_HOW TO COMPLETE THIS TASK_: Starting at the line containing "The Al Maghazil" and ending at the line containing "y is discharged", print every line of the material below exactly, both ends included, and stop there.

_INFORMATION PROVIDED_:

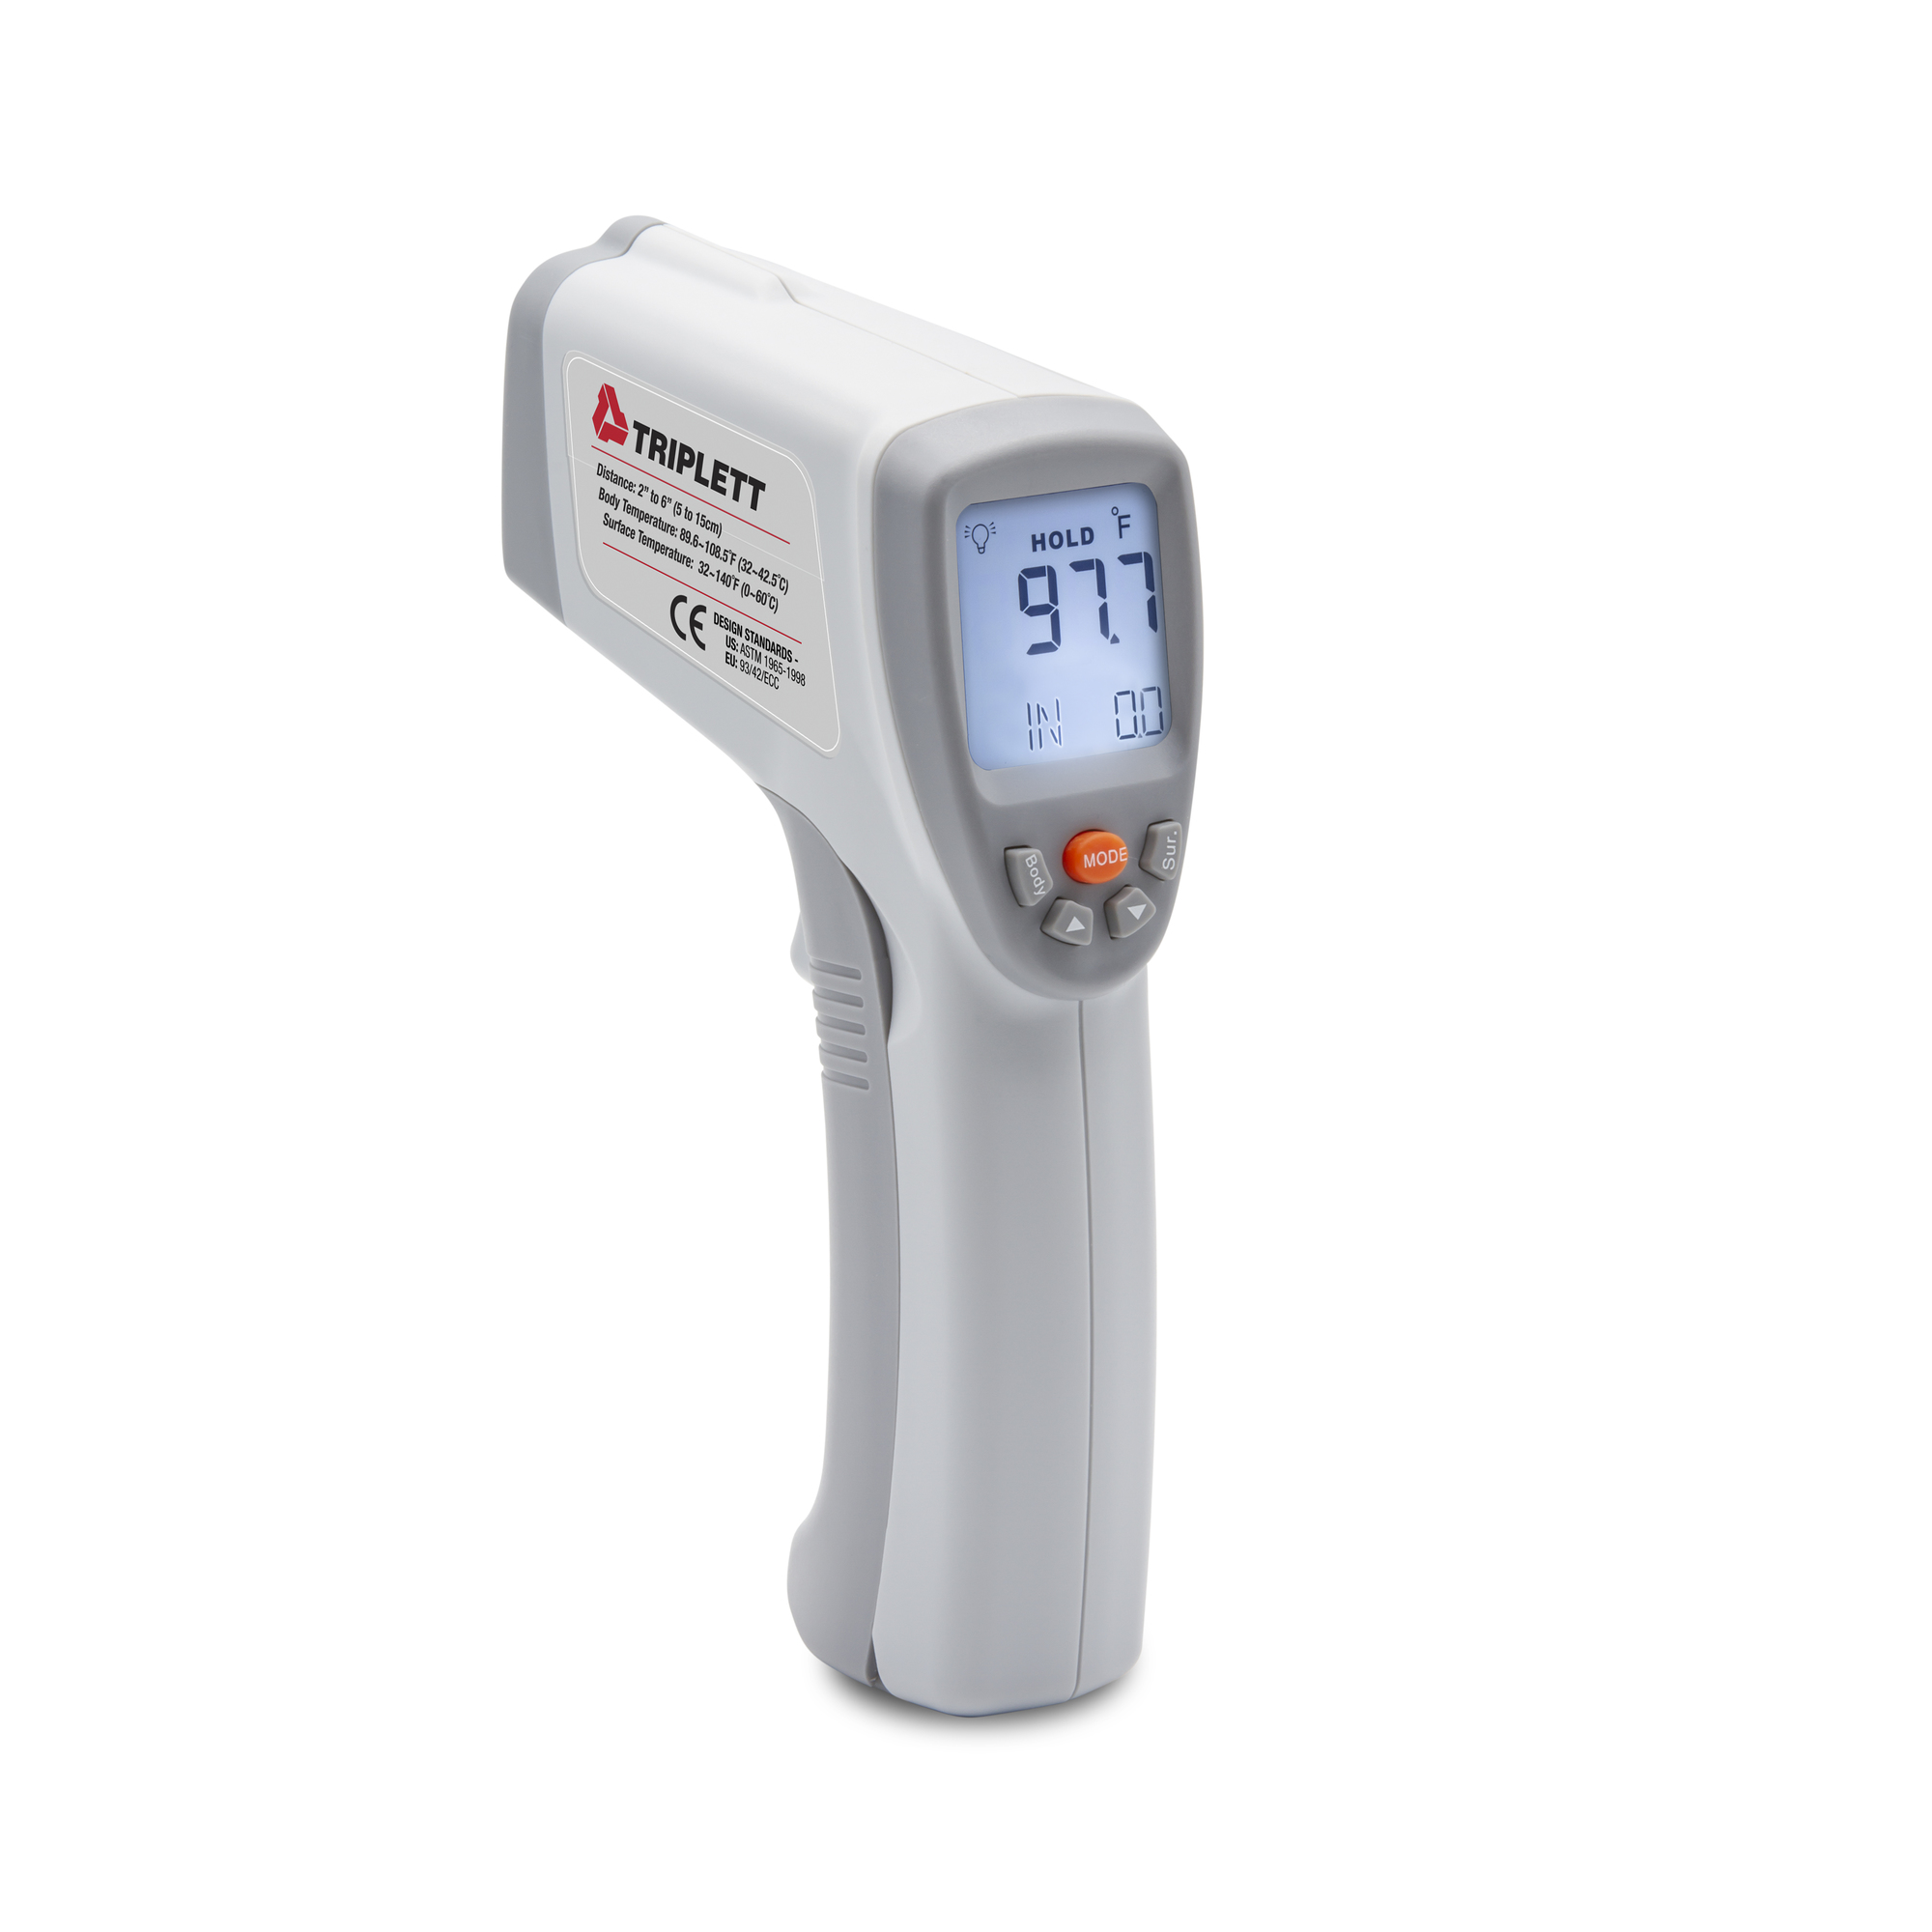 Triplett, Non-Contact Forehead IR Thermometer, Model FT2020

...

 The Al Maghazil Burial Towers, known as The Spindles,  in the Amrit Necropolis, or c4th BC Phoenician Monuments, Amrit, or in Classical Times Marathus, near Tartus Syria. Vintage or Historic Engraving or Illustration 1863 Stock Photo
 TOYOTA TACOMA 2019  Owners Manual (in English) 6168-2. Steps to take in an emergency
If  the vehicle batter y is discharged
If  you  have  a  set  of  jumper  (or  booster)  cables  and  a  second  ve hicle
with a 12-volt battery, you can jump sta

_OUTPUT FOR THIS TASK_:
 The Al Maghazil Burial Towers, known as The Spindles,  in the Amrit Necropolis, or c4th BC Phoenician Monuments, Amrit, or in Classical Times Marathus, near Tartus Syria. Vintage or Historic Engraving or Illustration 1863 Stock Photo
 TOYOTA TACOMA 2019  Owners Manual (in English) 6168-2. Steps to take in an emergency
If  the vehicle batter y is discharged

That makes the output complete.